= Beginning of Section =

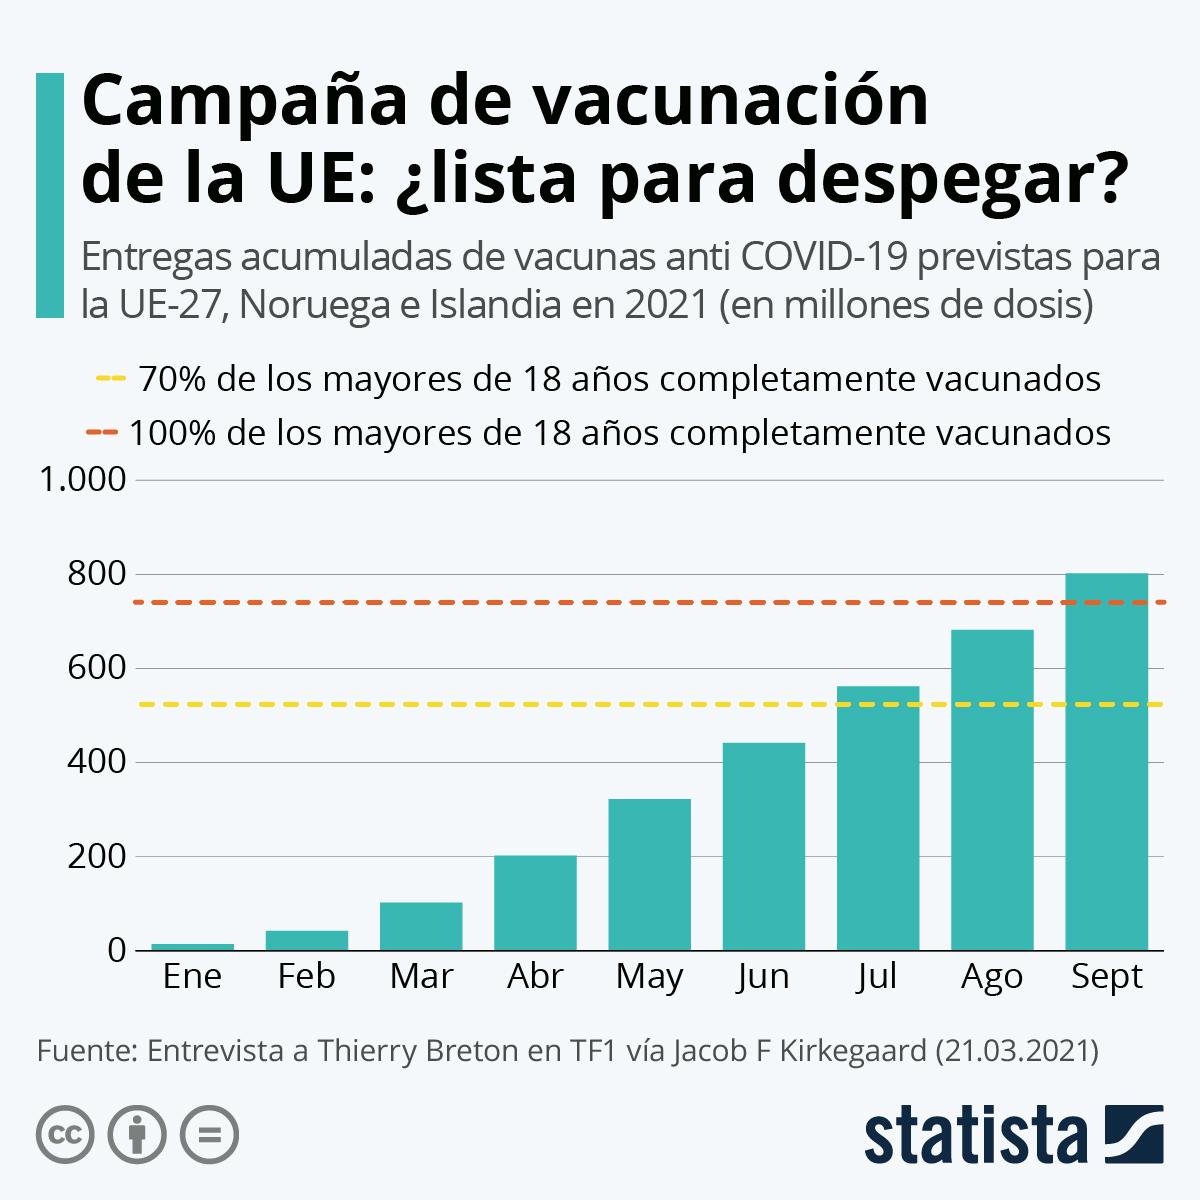 Infografía: Campaña de vacunación de la UE: ¿lista para despegar? | Statista
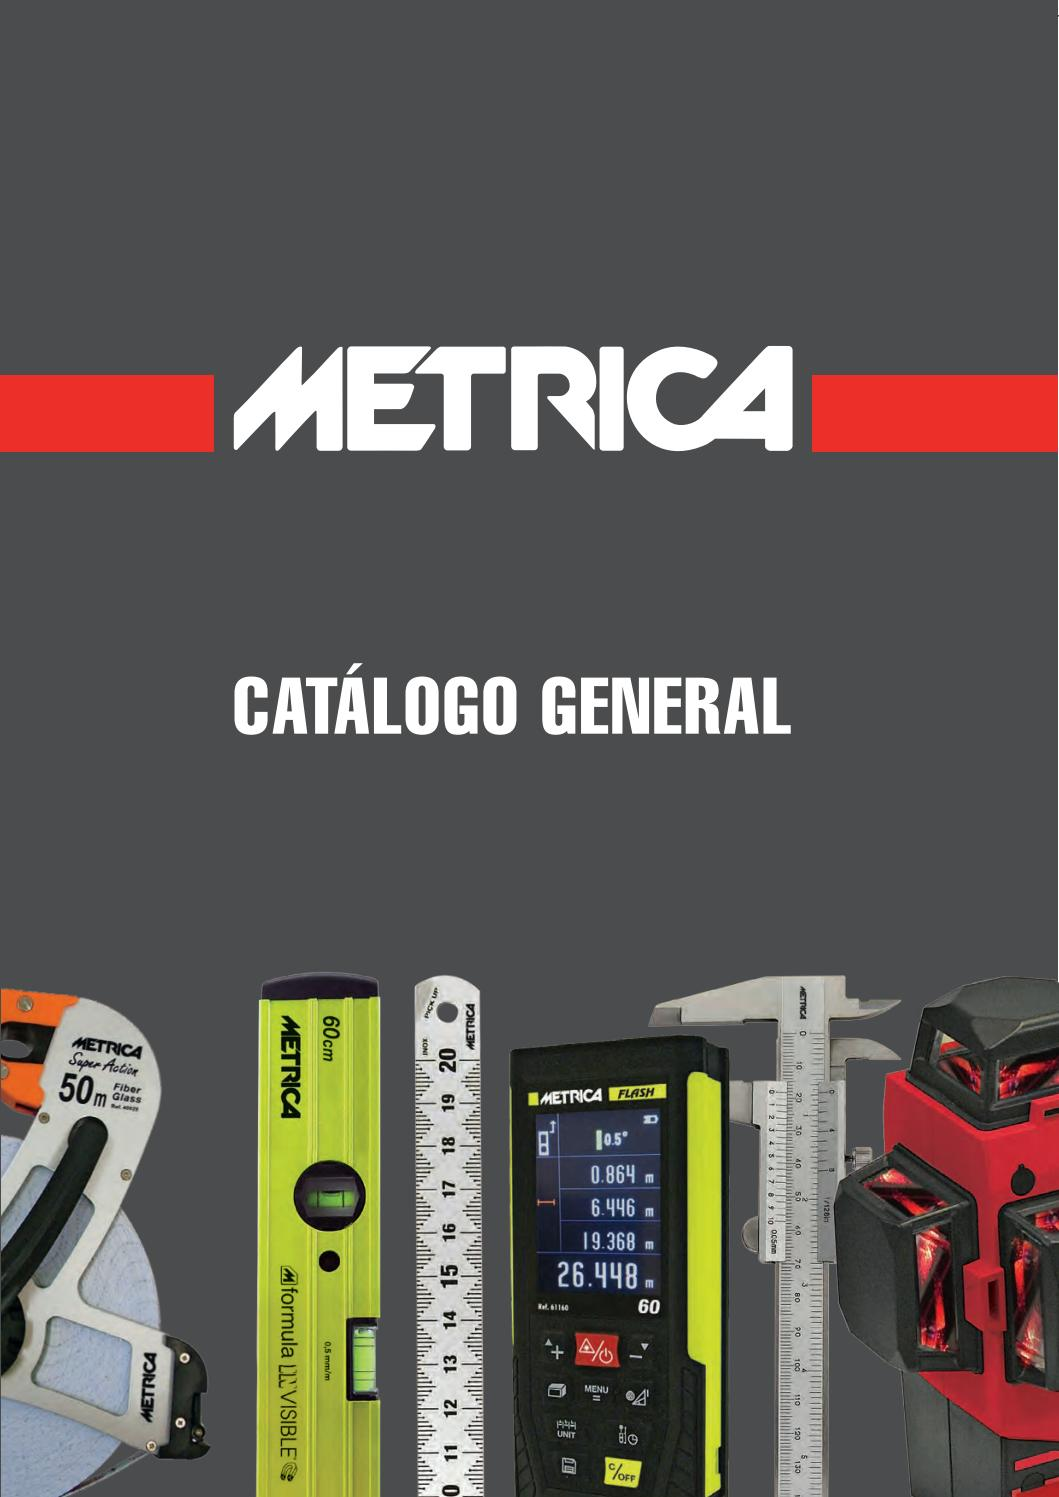 Cinta m/étrica 10 m, fibra de vidrio Metrica 40011
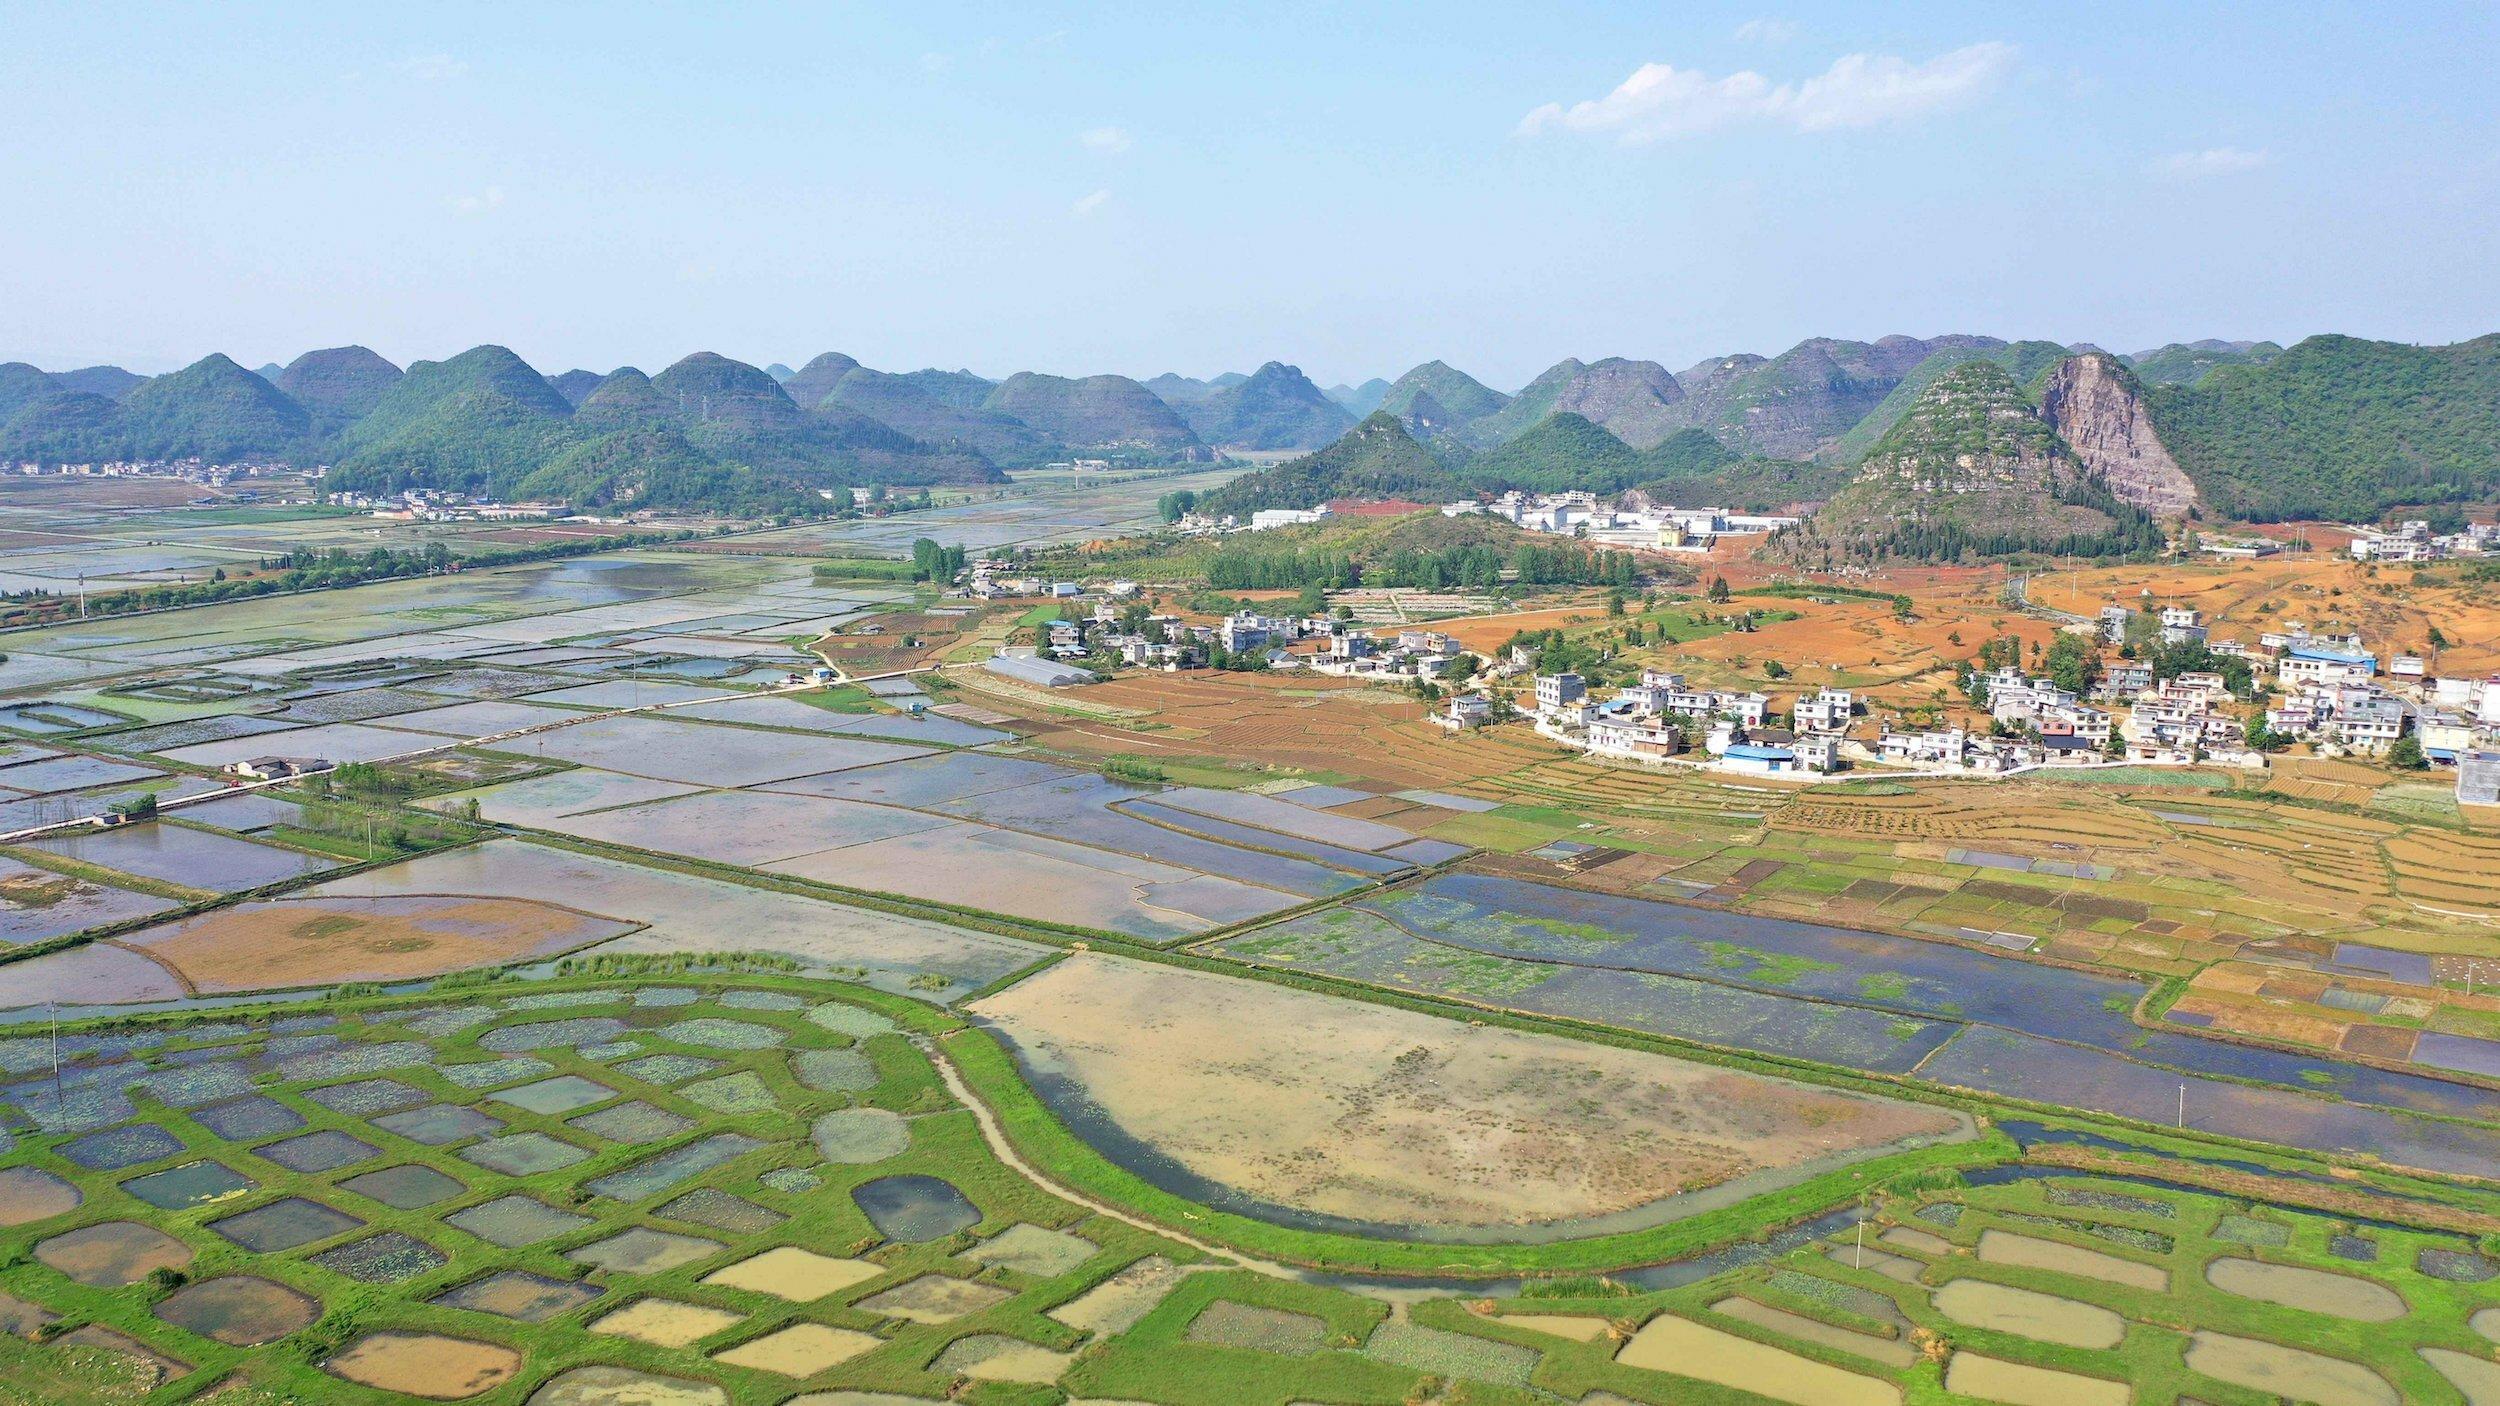 Eine Landschaft mit zahlreichen kleinen Tümpeln vor einem Dorf und Hügeln.
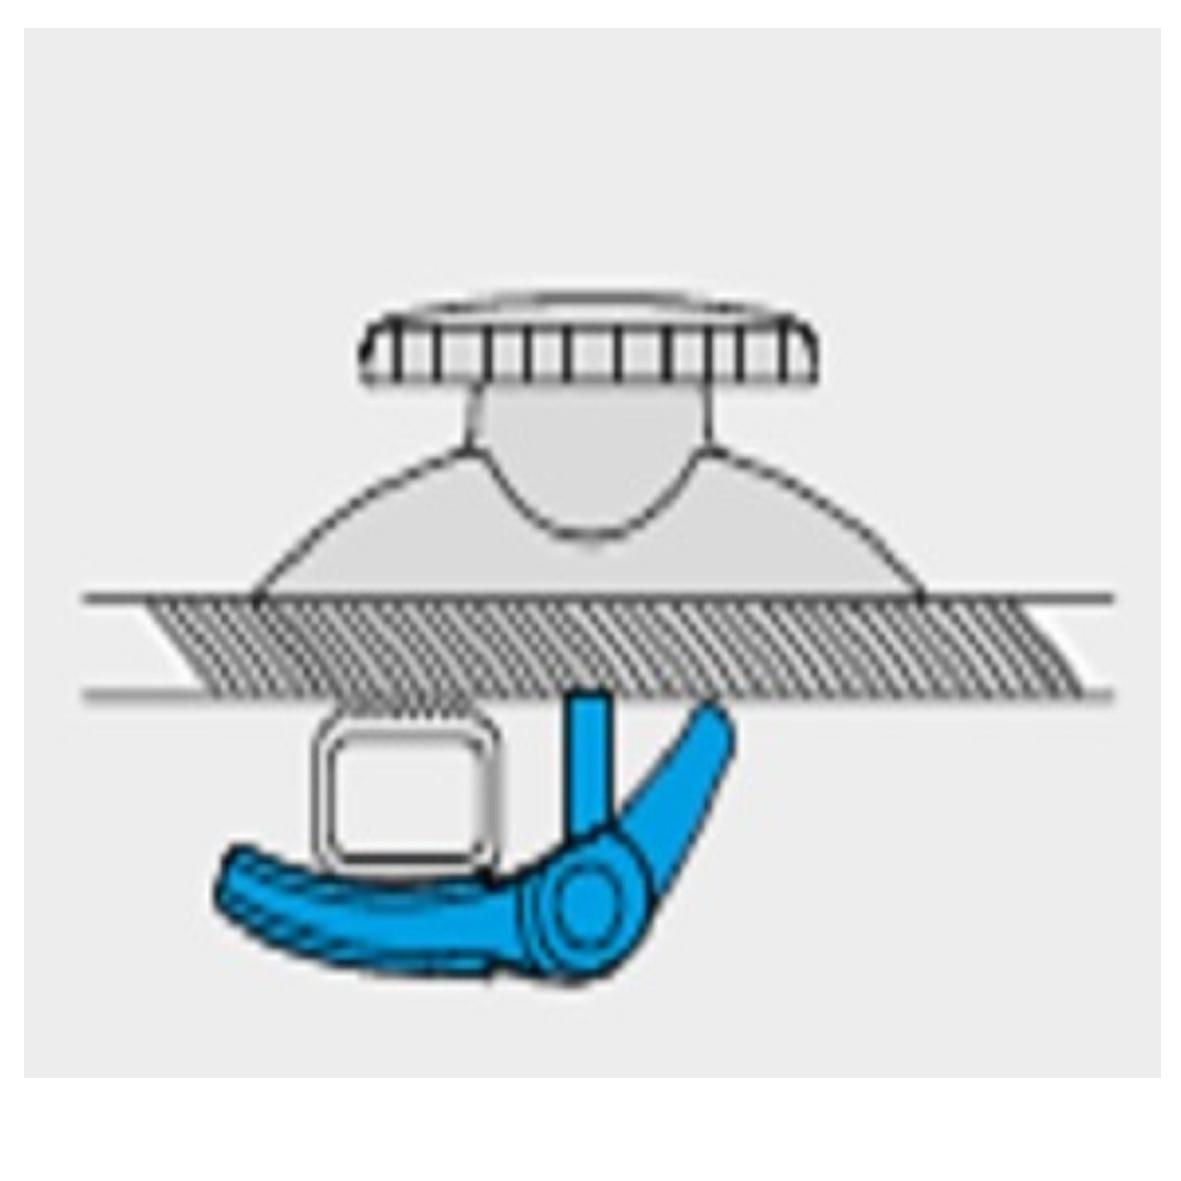 ΔΙΕΘΝΕΣ ΣΥΣΤΗΜΑ ΔΕΣΗΣ (FITTING SYSTEM) DIAMOND ΜΠΑΓΚΑΖΙΕΡΩΝ ΟΡΟΦΗΣ ΣΕ ΜΠΑΡΕΣ - MENABO

= End of Section =

(Exercise instructions):
Write out the whole listing verbatim, images excluded.

(Answer space):
 Infografía: Campaña de vacunación de la UE: ¿lista para despegar? | Statista
 Cinta m/étrica 10 m, fibra de vidrio Metrica 40011
 Eine Landschaft mit zahlreichen kleinen Tümpeln vor einem Dorf und Hügeln.
 ΔΙΕΘΝΕΣ ΣΥΣΤΗΜΑ ΔΕΣΗΣ (FITTING SYSTEM) DIAMOND ΜΠΑΓΚΑΖΙΕΡΩΝ ΟΡΟΦΗΣ ΣΕ ΜΠΑΡΕΣ - MENABO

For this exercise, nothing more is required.